Recently, I found that you actually don't realize what you have until it's gone. I could very well be talking about friends and moving on from a friend, as I have experienced this first hand. And while this hurts, I find that you usually move on from a friend for a reason. But losing a best friend is very different, losing a best friend is like losing a piece of yourself.
I knew that my horse Sarge was going to be put down for a long time. It was something that I knew would happen. I put off the fact that he would be gone, for months. I didn't cry, I didn't think about it. I didn't want to have to deal with that pain for longer that I had to. In the very end, he could barely walk or chew. At nine o'clock on Monday night, I was sitting in my bed reading a book when I realized that tomorrow was his last day. I realized that I had just spent his last sunset with him.
I walked to the kitchen and reached for some carrots, apples, honey, oatmeal, and some salt (Horses love salt). I then cut the carrots and the apples and mixed them with the honey and oatmeal in a big plastic bowl. With a wooden spoon I stirred it all together and added a sprinkle of salt. And then I sat and cried.
You can't change the past, I knew that. But at that moment, I wished that I could go back to when Sarge was still healthy and happy. I wish I could go back in time and spend a whole day with him. I wish I could've gone back and ridden him through the field and braid his mane. I wish I would've done better. Everyone does. I think everyone has a point in there life where they look back and they wish they would've have done things differently. And that can wreck a person but it can also make a person better.
So from then on I vowed to try to cherish everything and everyone. People need to start cherishing what they have while they still have it. Because one day everything will be gone and all that will be left, is memories. Cherish your friends, and try your best to keep them from slipping from your grasp. Hold everything you have close to you and don't let it go, because someday it might not be there anymore.

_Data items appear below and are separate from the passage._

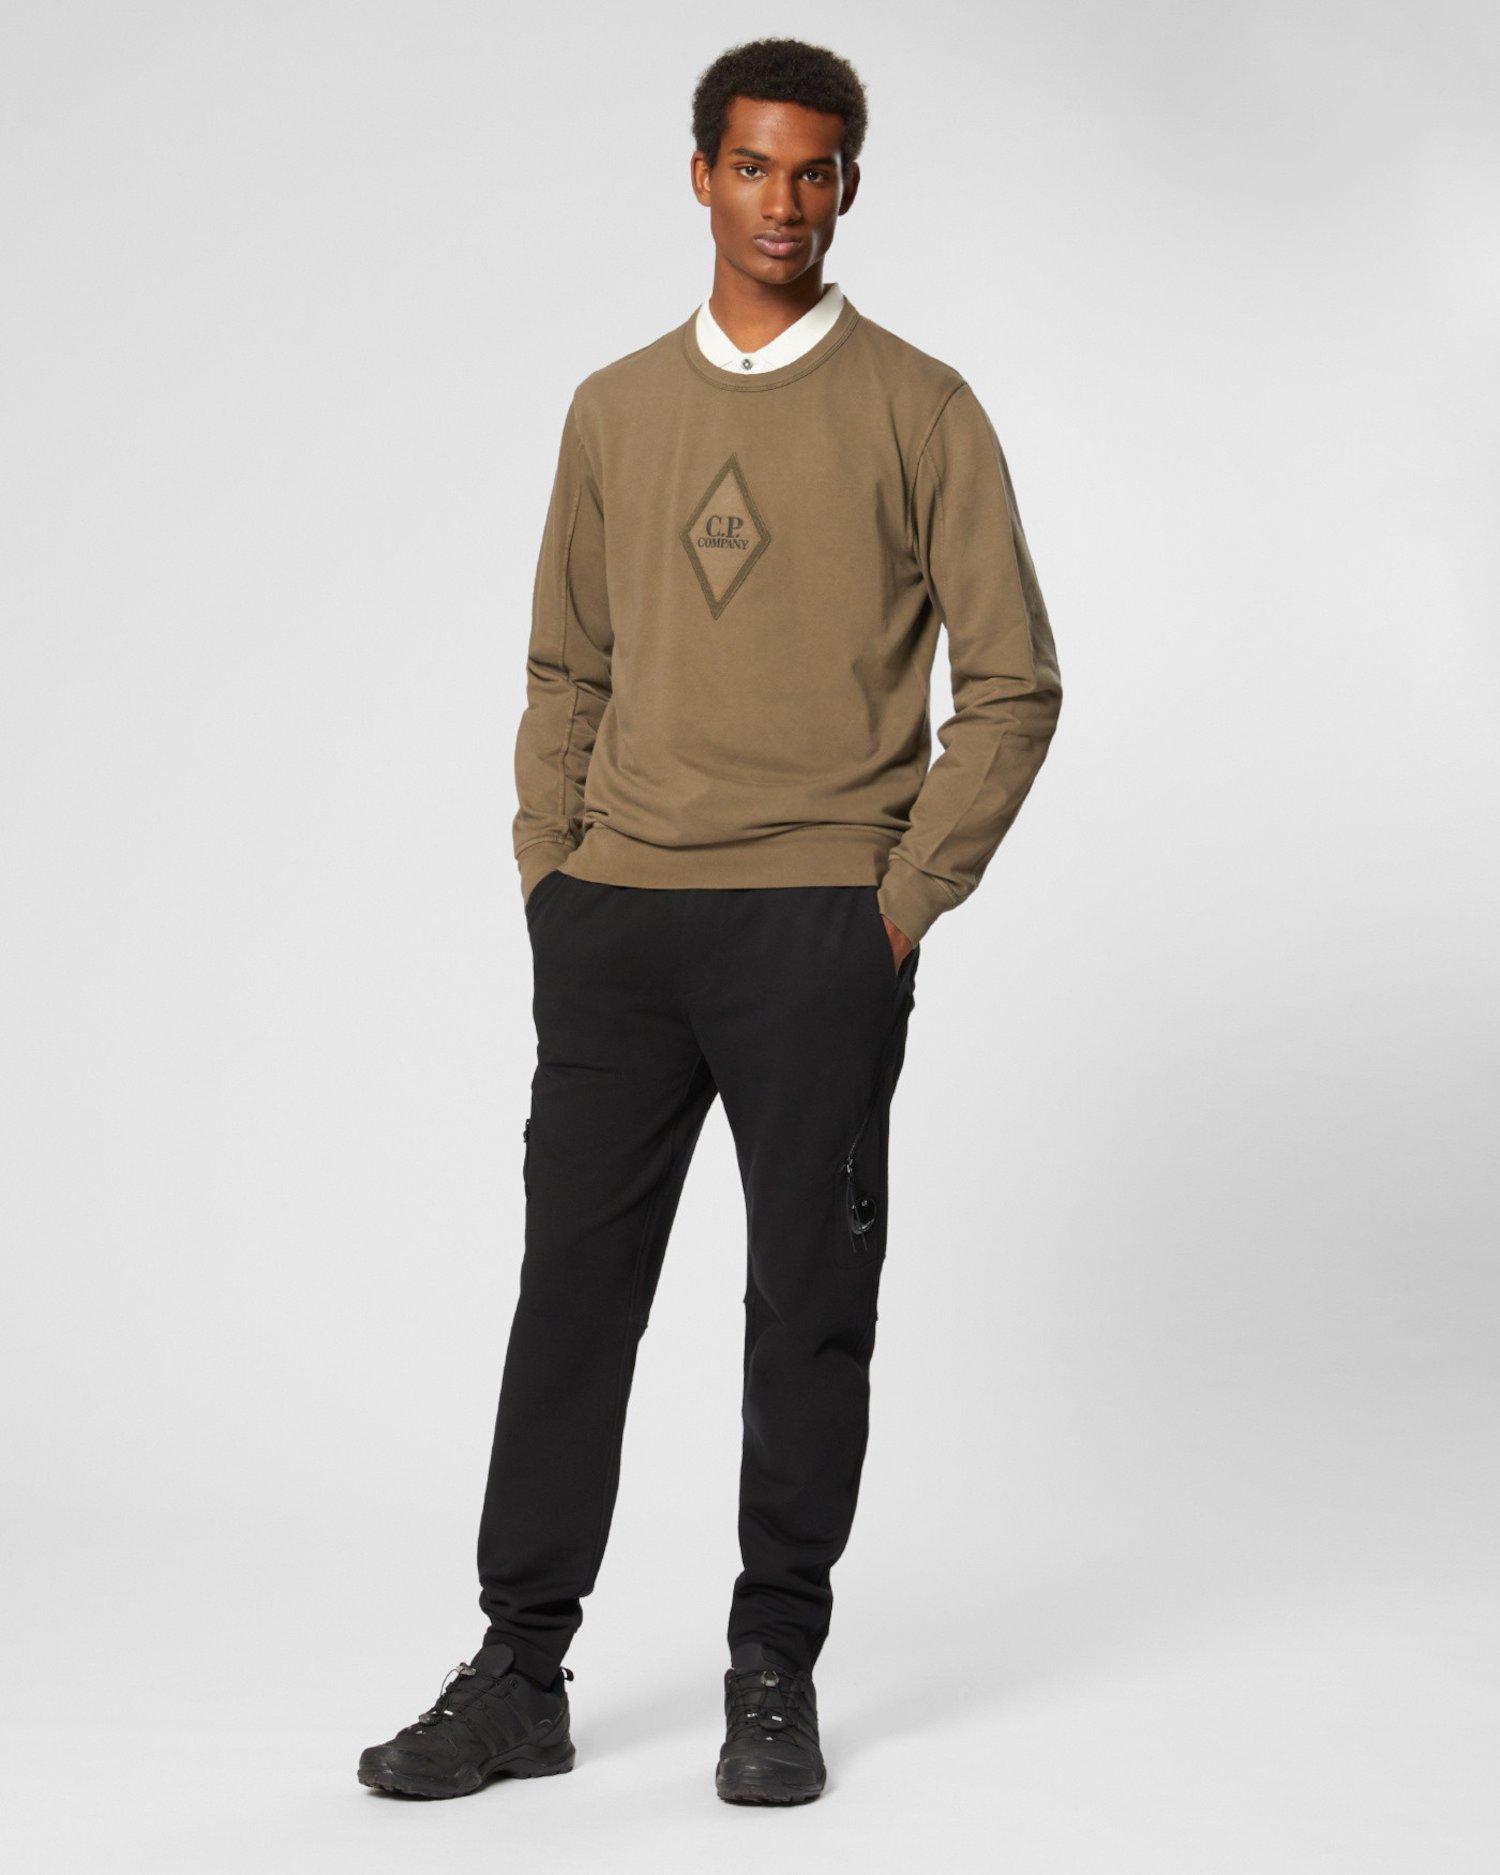 Stückgefärbter Pullover aus leichtem Fleece mit Logo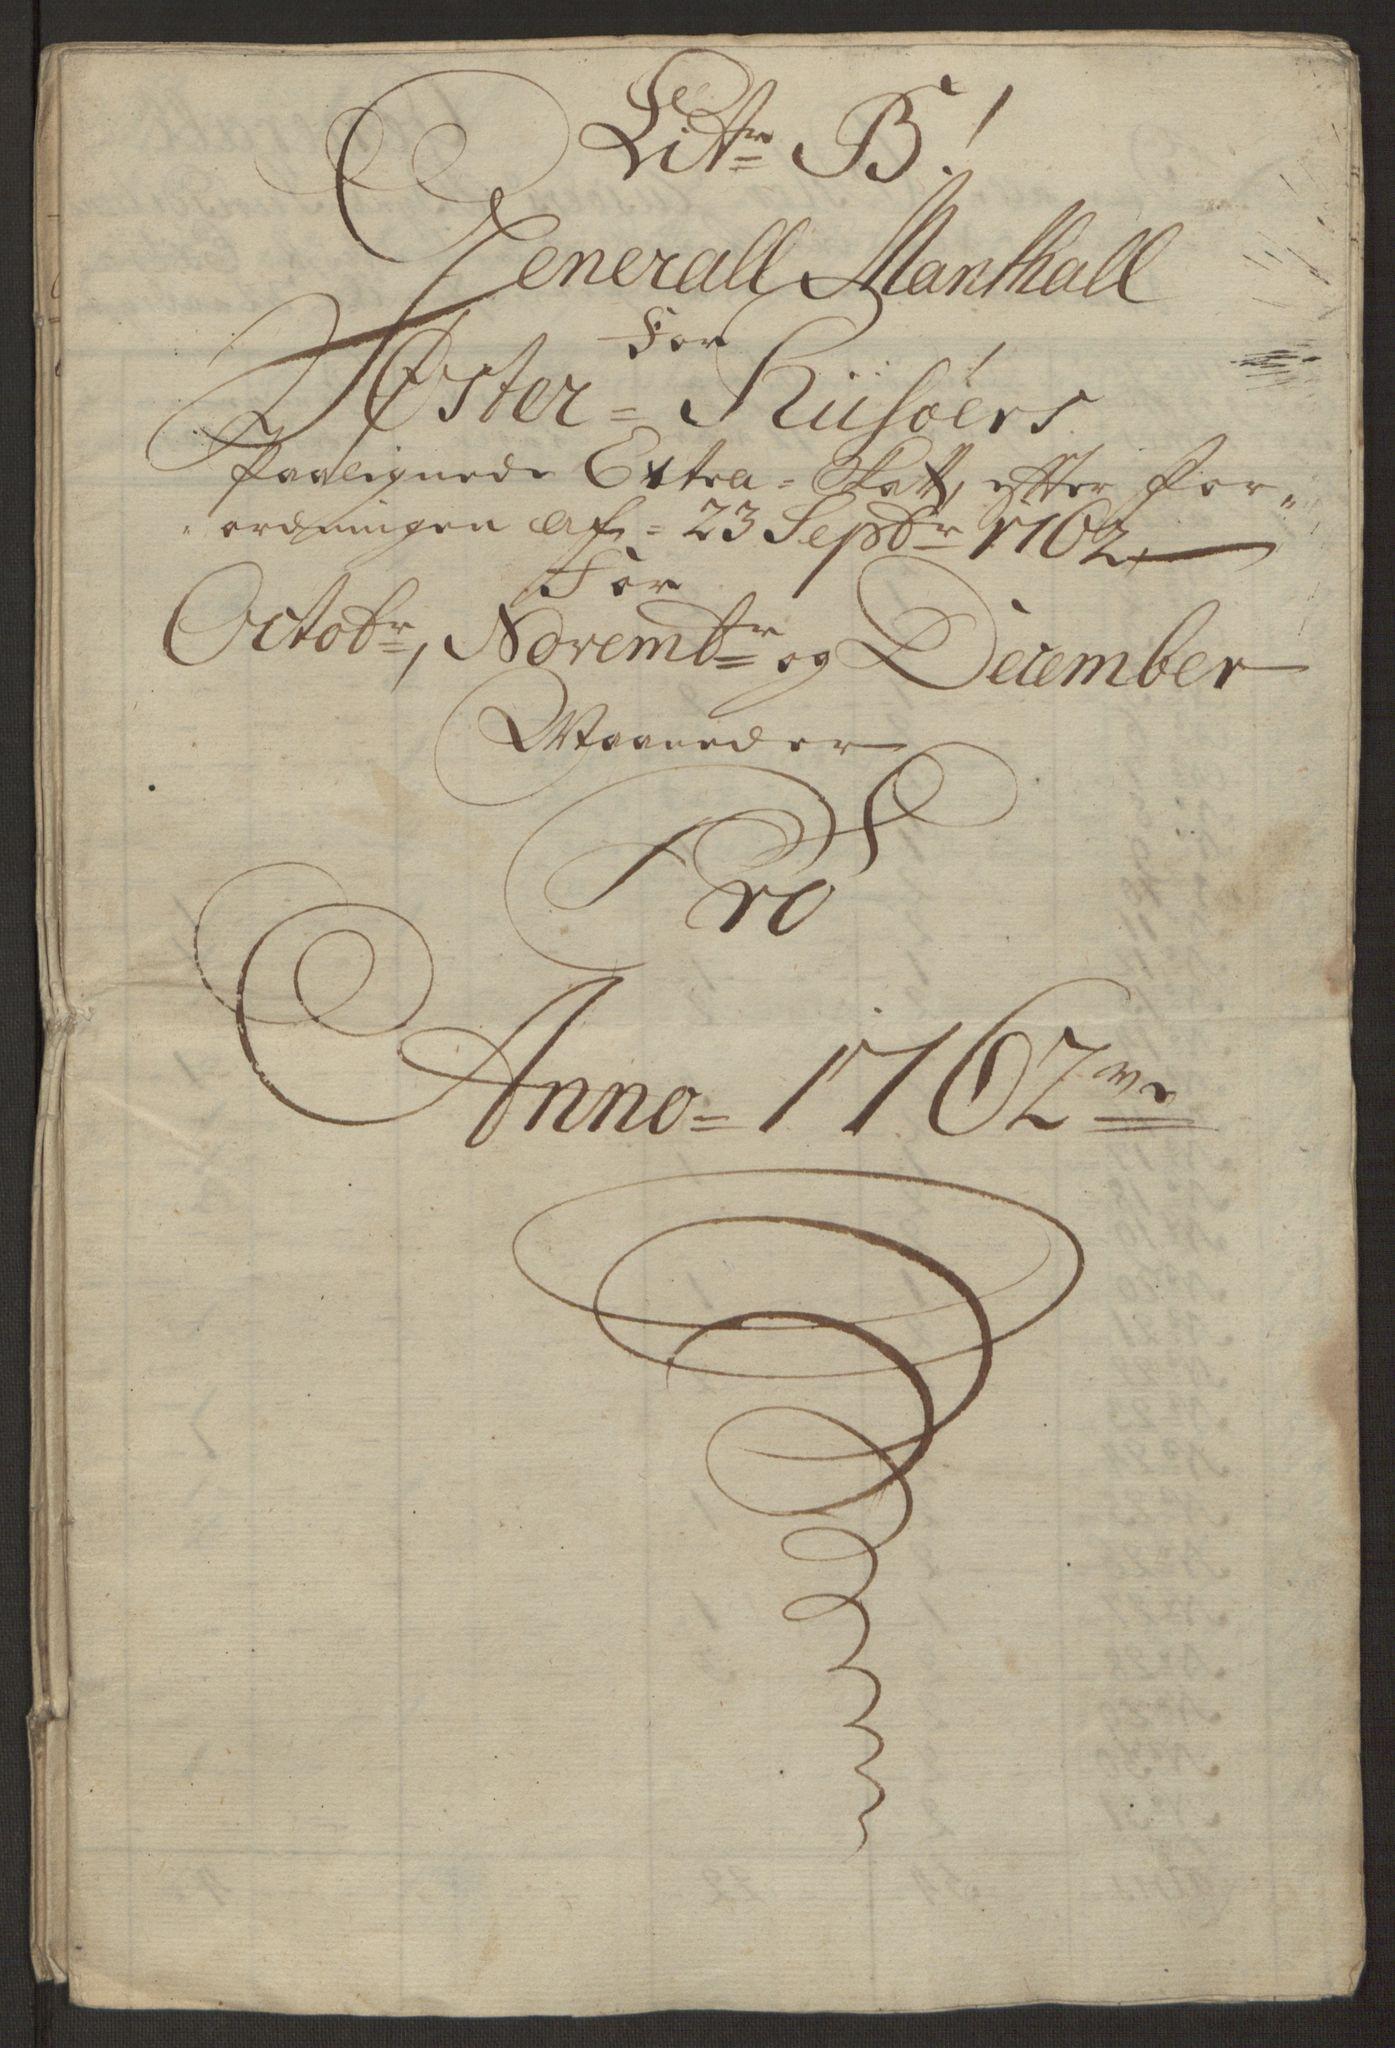 RA, Rentekammeret inntil 1814, Reviderte regnskaper, Byregnskaper, R/Rl/L0230: [L4] Kontribusjonsregnskap, 1762-1764, s. 71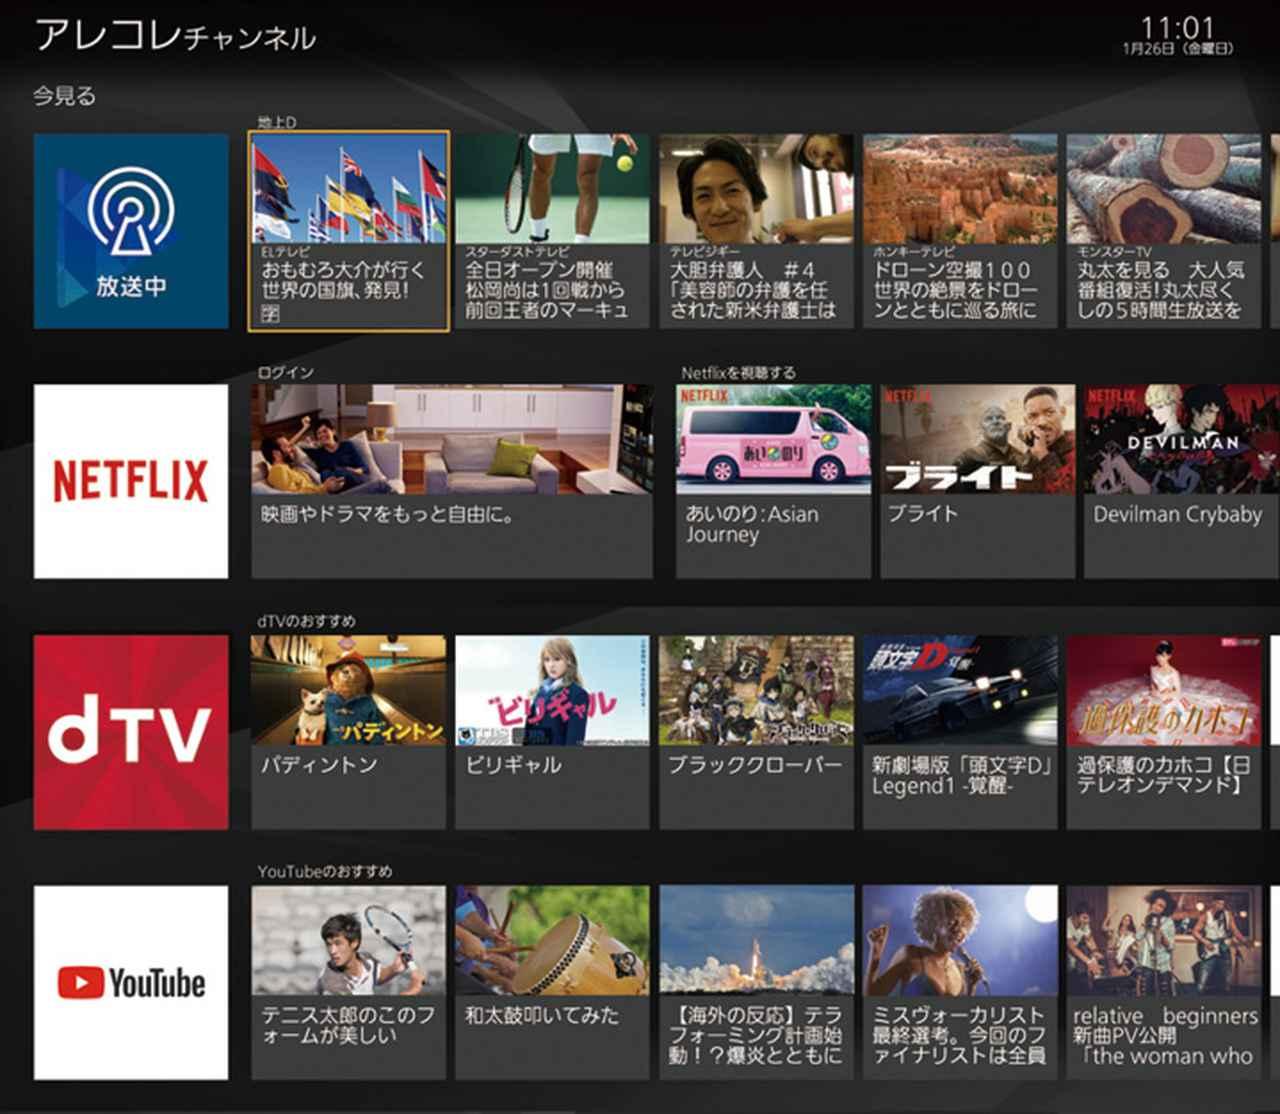 画像: 放送番組から録画番組、ネット動画まで一覧表示し、見たい番組を探し出せるアレコレチャンネルが便利。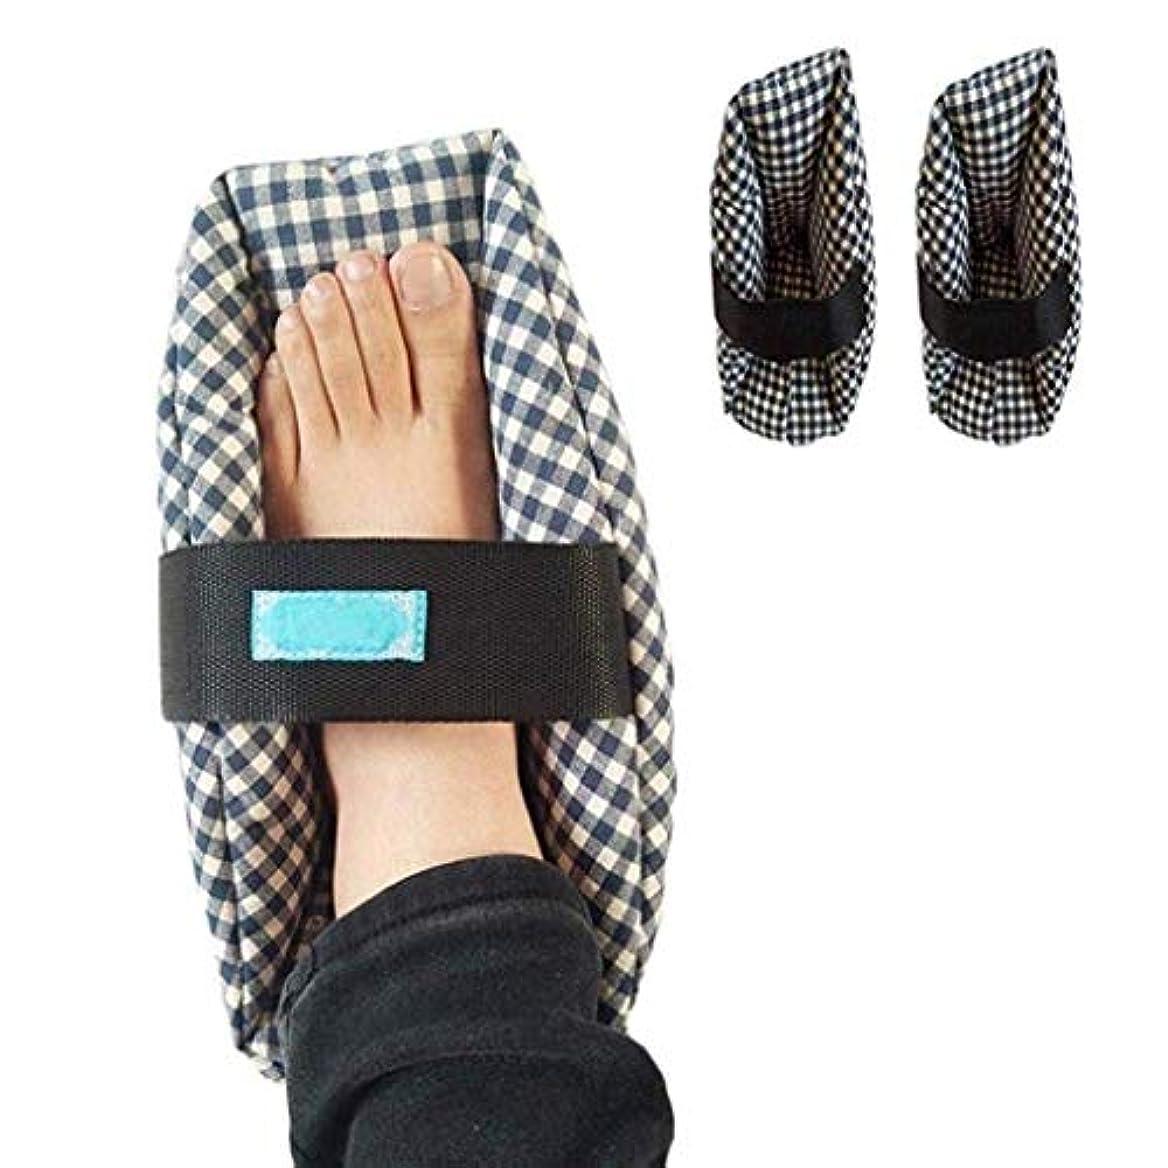 療法者すずめ柔らかい快適なかかとプロテクター枕高齢者の足の補正カバーかかとパッドプロテクター反De瘡腫れ足寝たきり患者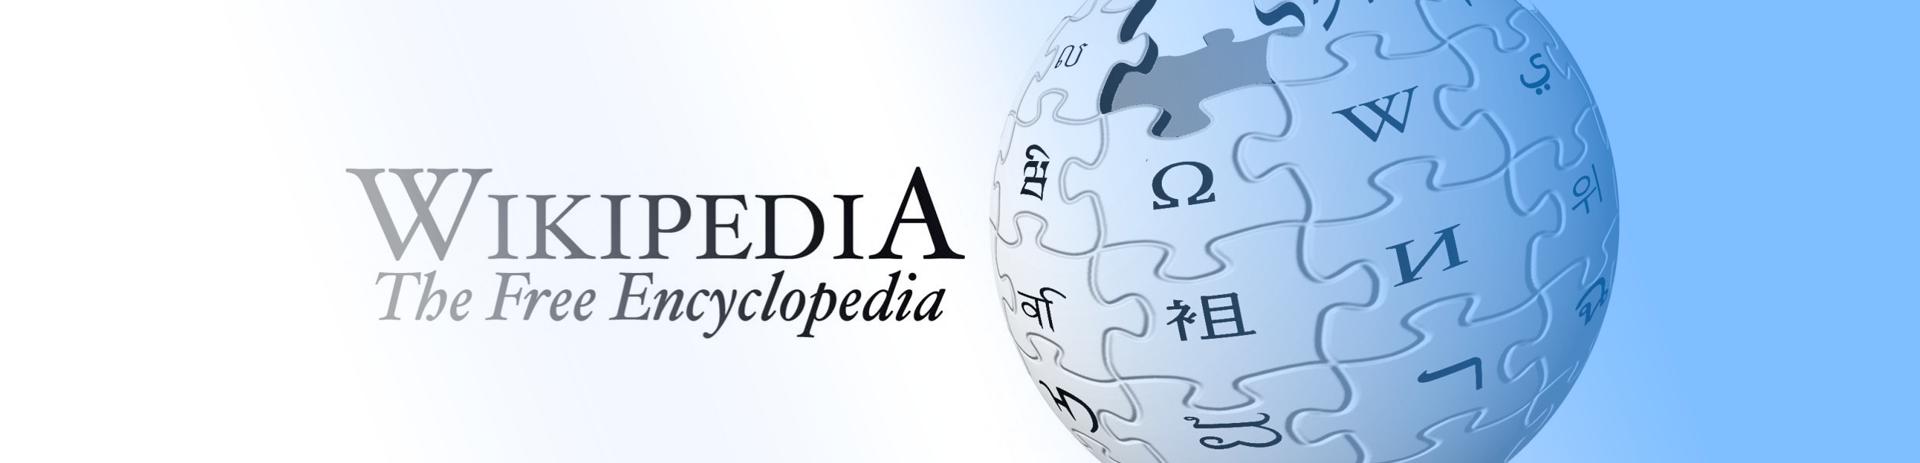 15 января День рождения Википедии / Подбор персонала | автоматизированное размещение вакансий и резюме | Робот рекрутер

Many of you may have seen me at school on Tuesday. Many of you may have thought to yourself "Why does she look like that? What is she wearing?". And to those of you who judge anyone by what they look like then you should stop and ask yourself if you really know them. I didn't choose to go to school with watery red eyes, a stuffy nose and a big sweater. I needed to, because that morning I woke up extra early and I walked outside with my plastic bowl.
What hurt most about that morning, was that he looked the same as he always had. He licked as much as he could out of my bowl. And through the darkness I braided his mane and looked into his eyes for the last time. I kissed his face and whispered goodbye. And under the rising sun at 6:30 in the morning, I saw my best friend for the very last time. And walking away, was one of the hardest things I've ever done.
When I moved here five years ago, and I met you, I didn't know you would mean this much to me. Goodbye Sarge, I love you. And I hope there's carrots up there for you in heaven.